George M. Campbell (January 7, 1907 – June 4, 1942) was a United States Navy officer.  He was killed in action at the Battle of Midway while flying a torpedo bomber during an attack against several Japanese aircraft carriers.

Early life
Campbell was born on January 7, 1907, in Madras, Oregon. He was the ninth of a dozen children in his family.  His father was a dairy farmer who also piloted a ferry across the Deschutes River.  He attended a one room schoolhouse.  He excelled at basketball in high school, and was part of a team that won a state championship in 1925.

He attended Oregon State University.

Naval career

On June 27, 1928, he enlisted in the U.S. Navy.  After boot camp, he spent eight months aboard the .  He did flight training in Pensacola, Florida, and received his wings in 1930.  While in that training, he met and married Genevieve Thompson, by whom he had a daughter, Shirley, born in 1932.

He served as a flight instructor beginning in 1938.  At the dawn of the Japanese Attack on Pearl Harbor, he had become one of the Navy's most experienced pilots. "John Waldron relied on him as a teacher and mentor to the younger pilots." He was promoted to Lieutenant (junior grade) in February, 1942.

In 1942 Campbell underwent more flight training and was appointed Lieutenant, junior grade, on April 2, 1942.

He joined Torpedo Squadron 8 on board the aircraft carrier USS Hornet (CV-8) just in time to take part in the Battle of Midway.

VT-8's first and best-known combat mission came during the Battle of Midway on 4 June 1942. Flying obsolete Douglas TBD Devastators, all of Lieutenant Commander John C. Waldron's fifteen planes were shot down during their unescorted torpedo attack on Imperial Japanese Navy aircraft carriers. The squadron failed to damage any Japanese carriers or destroy enemy aircraft.

Only one member of VT-8 who flew from Hornet on that day survived in the action, Ensign George Gay.   Ensign Gay was rescued the day following the battle. Torpedo 8 was afterwards awarded the American Presidential Unit Citation.  As Ensign Gay tells it, the flight was chancy at best.  They had never performed an attack with torpedoes, and in fact had never even taken off from a carrier with torpedoes.  Their equipment was old, and the efficacy of their armament was questionable.  He thought that the absence of fighter cover may have made the difference.  Nevertheless, he thinks that the low level attack, which drew down the Japanese fighter air cover, opened up the skies for the successful attack by the dive bombers, and that this attack should be given that credit.  In passing, Gay has remarked that his sole survival, after being shot down, was just a matter of luck.

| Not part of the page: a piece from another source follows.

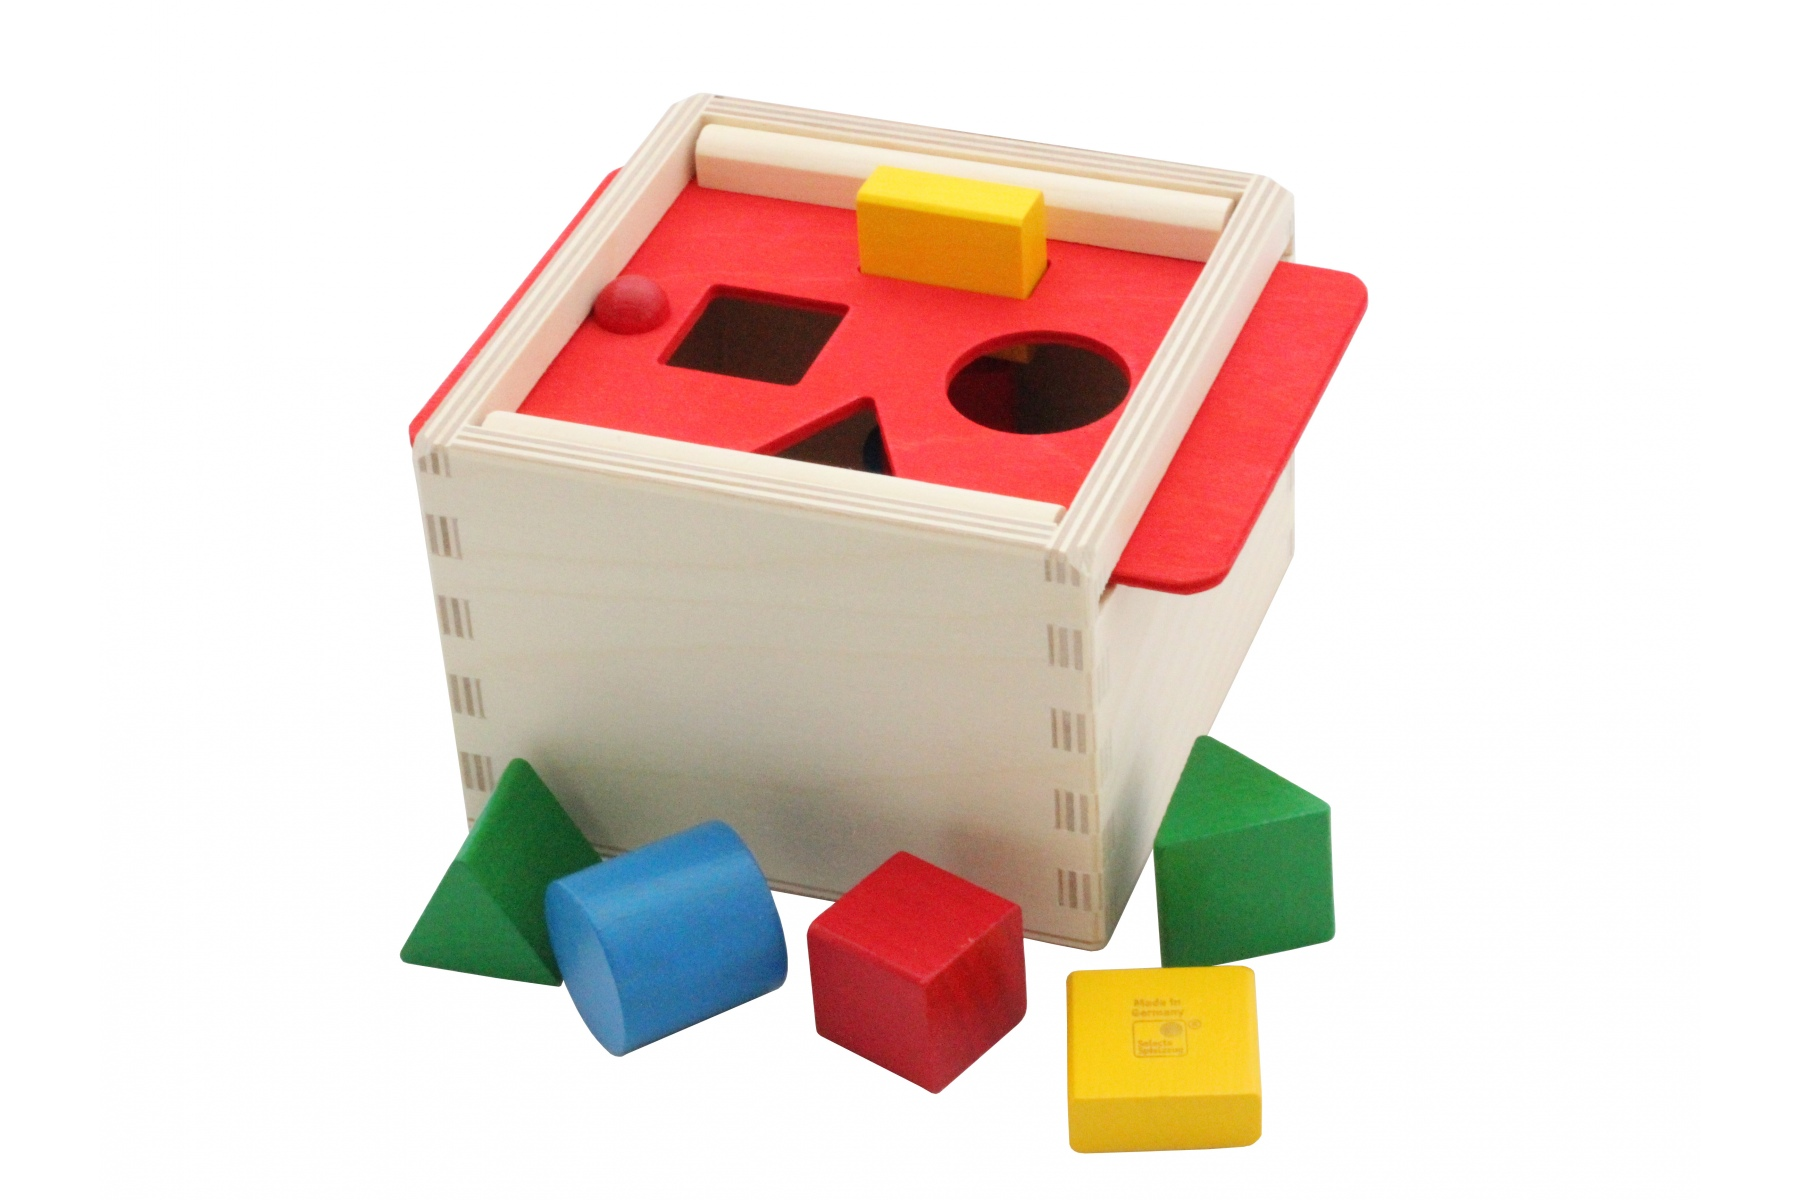 une id e de progression autour des bo tes formes montessori montessori mais pas que. Black Bedroom Furniture Sets. Home Design Ideas

Piloting a Douglas TBD-1 Devastator torpedo bomber during the battle, Campbell took off with his squadron on June 4, 1942, to intercept the Japanese fleet, and without fighter cover attacked the enemy aircraft carriers against murderous opposition. Knowing full well that they had insufficient fuel to return to Hornet, the Torpedo Squadron 8 crews pressed their attack gallantly until all were shot down. Campbell was listed as presumed dead on June 5, 1942. Campbell was awarded the Navy Cross for his heroic actions at Midway.  He was killed in action during the attack.

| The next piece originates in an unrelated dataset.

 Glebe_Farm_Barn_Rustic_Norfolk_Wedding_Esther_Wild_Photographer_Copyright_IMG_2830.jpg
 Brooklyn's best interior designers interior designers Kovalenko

A total of 15 planes were launched as part of Torpedo VT-8 from the .  All but one were lost.  Six of the fourteen pilots were honored by appending their names to destroyers or destroyer escorts.  Three AP/ex-APs were lost in action, namely piloted by: Jefferson D. Woodson, Robert B. Miles and George M. Campbell were lost in action.

Legacy
The U.S. Navy destroyer escort USS George M. Campbell (DE-773),  laid down by the Tampa Shipbuilding Company at Tampa, Florida, was launched in 1944 but never completed, was named for Campbell.  The construction contract was cancelled, and she was towed to Charleston, South Carolina.  Stripped for parts, she was scrapped.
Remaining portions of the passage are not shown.